What 10 Years of Neuroscience Tells Us about Our Brains on Print

It’s been 10 years since Millward Brown published the groundbreaking report “Using Neuroscience to Understand the Role of Direct Marketing.”

At the time it drew a lot of attention. Many marketers, committed and dug in to being part of the digital revolution, pooh-poohed it as a desperate plea from the print industry to “save” itself. The people who read it more carefully came away with a better understanding of how print interacts with the human brain and began to see the print vs. digital debate from a different perspective.

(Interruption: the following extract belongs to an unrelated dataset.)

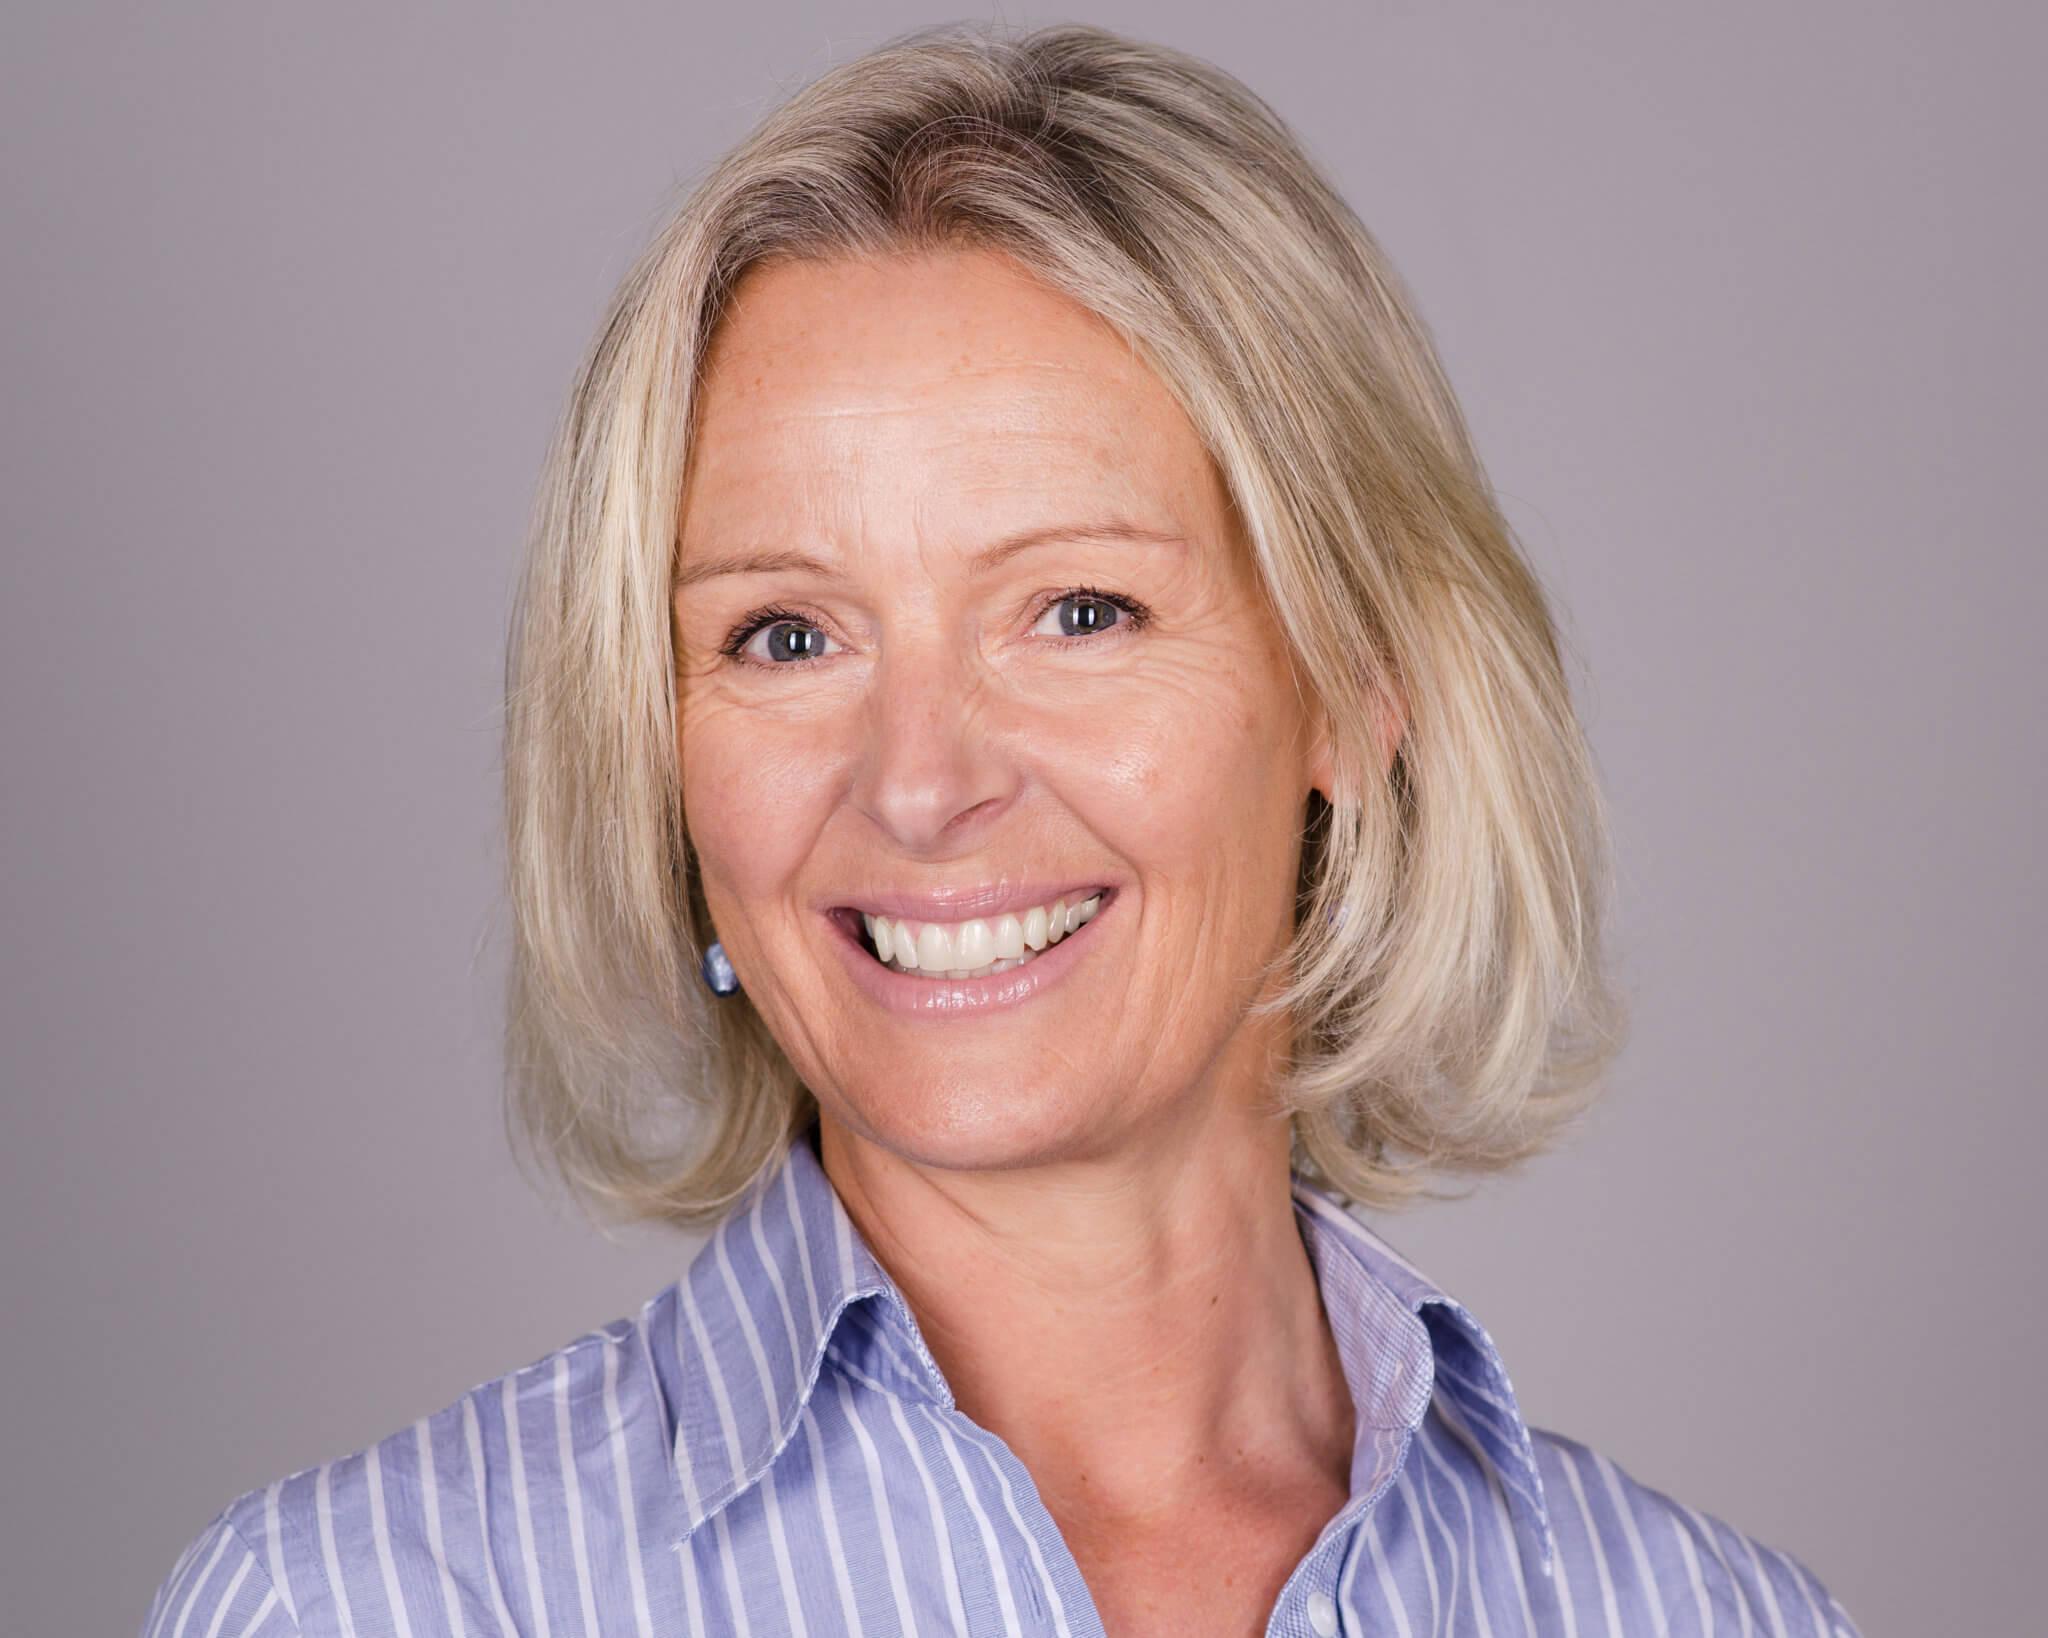 Cathy Amos

“The Millward Brown study used functional Magnetic Resonance Imagery (fMRI) scanning to understand how the brain reacts to physical and virtual stimuli,” explains this post in Two Sides NA. “The researchers examined brain activity to see the regions most involved in processing advertising. Results showed that ‘… greater emotional processing is facilitated by the physical material than by the virtual.’ This suggests that print ads generated more emotion and positive associations, which the researchers say is vital for memory and brand recall.”

The findings started a cascade of similar studies, which Heidi Tolliver-walker generously compiled into a list of links that we shared earlier this summer.

In case you missed it, here it is again, a curated list of scientific studies on the neuroscience of print – a perfect addition to your sales quiver to help your team more fully understand print and its role in modern marketing.

The last 10 years have been fascinating in so many ways; the rise (and fall from grace) of social media, the resurgence of print, and the growing consumer desire for digital minimalism.

To me, it proves one thing: While technology can certainly bring disruption, there are limits to what our human brains will accommodate. The science is there; our brains are hardwired for real things – print vs. more pixels, and I expect this will be true for generations to come.